FenellaFenella : October 26th and November 1st.

I really liked the leads of In G Major when they danced around to Ravel’s jazzy score with the corps.

With the male corps, Hannah O’Neill seemed light and very comfortable, certain of her charm, a bit mysterious. Of all the Paris Opera dancers, she really caught the Balanchinean art of the micro-hip thrust and used it with easy grace and no vulgarity. (Remember, all of his career, Robbins remained in awe of Balanchine and was wont to quote him). My impression was of a dancer both sculptural and liquid at the same time.

Hugo Marchand was very conspicuously doing some razzamatazz, playful and jolly with the girls. He reminded me of Carpeaux’s sculpture of “La Dance,”  where the Spirit of the Dance slyly eggs on his entourage to do more. But then…

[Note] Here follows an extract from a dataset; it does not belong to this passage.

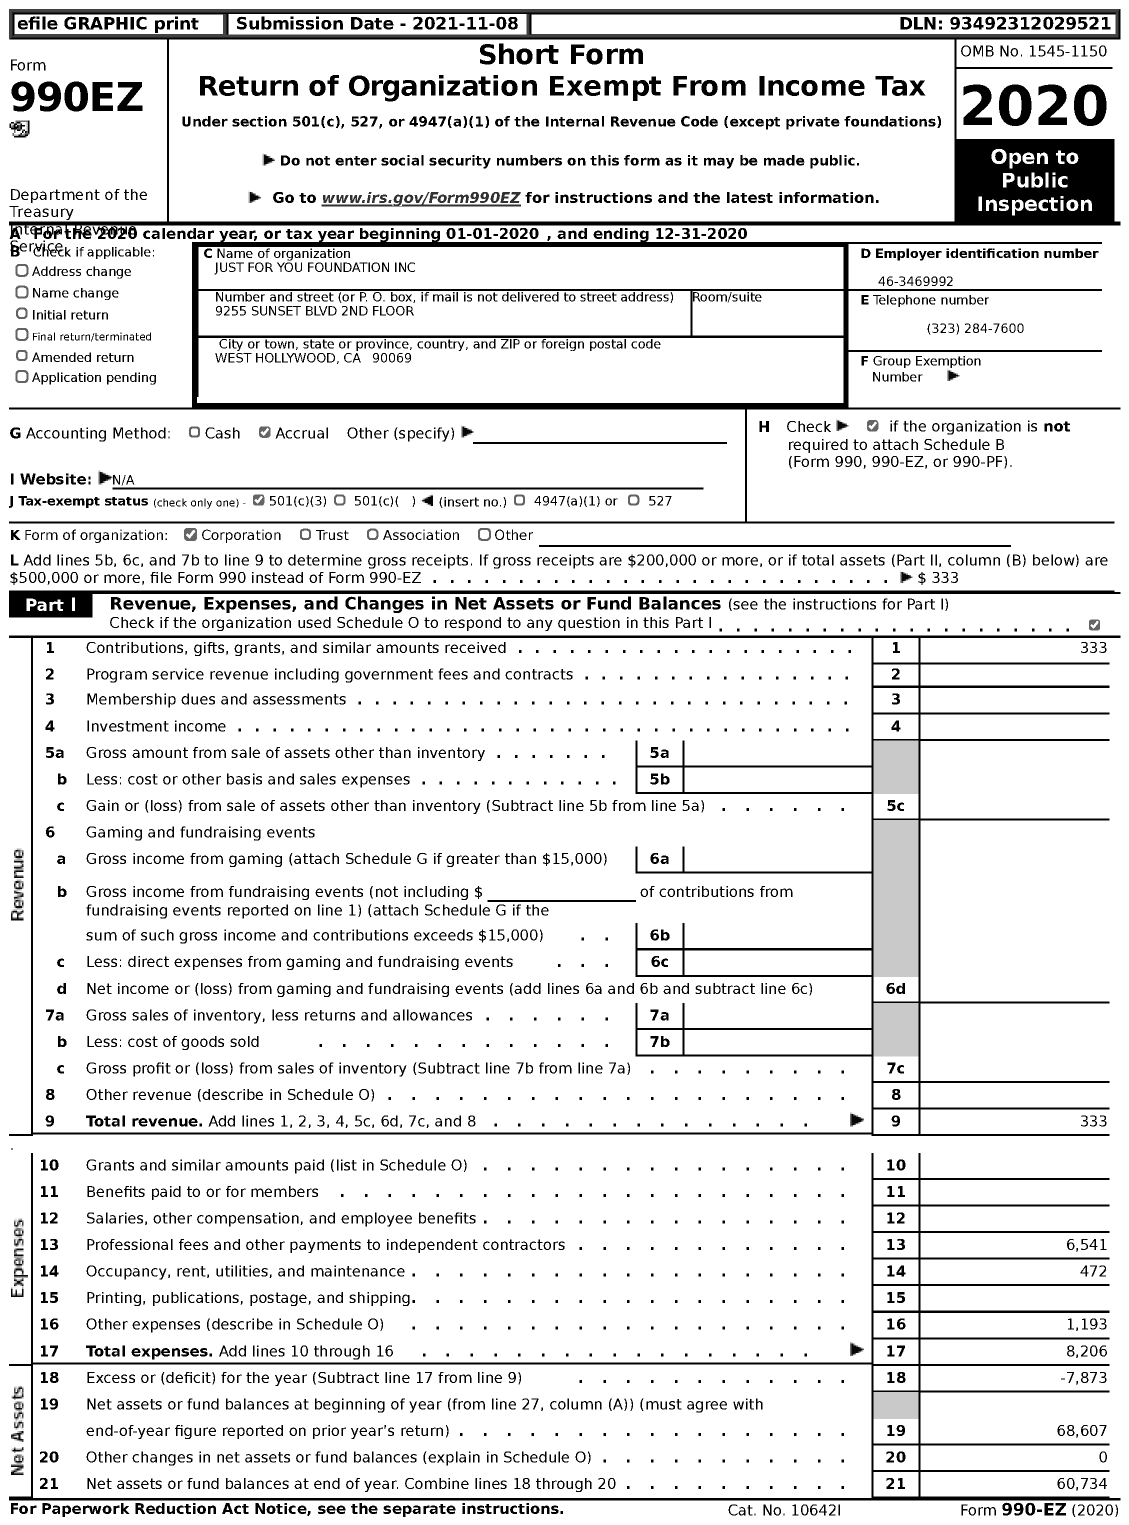 Image of first page of 2020 Form 990EZ for Just for You Foundation

While the leads had been lithe and fun when interacting with their beachmates, when they were left all alone on the bare stage for the central pas de deux… for me the magic just didn’t happen.

In his autobiography, Marchand describes his instant connection with Dorothée Gilbert and how his request to partner her was equally denied by the company director for years. Because of that, we’ve had fewer years of the symbiotic Gilbert/Marchand than we would have liked, and now, as she is about to retire, this always interesting young man is on the hunt for a new real partner.

I often do admire Hannah O’Neill the soloist. But I’m not sure this new coupling is going be “it.” Just go look up the photos on their Instagram accounts.  They both look good, but whereas his hands flame out, at precisely the same microsecond hers are still curling in. What looks good and interesting in the studio – and clearly a working and respectful partnership is going on here — does not necessarily translate into a new and incandescent onstage relationship, at least for now.

Even as he gently swished his partner around, Marchand seemed too carefully precise. O’Neill lost her wry “Who Cares?” lift and umph and made shapes. Nothing seemed dangerous or unpredictable, just rehearsed.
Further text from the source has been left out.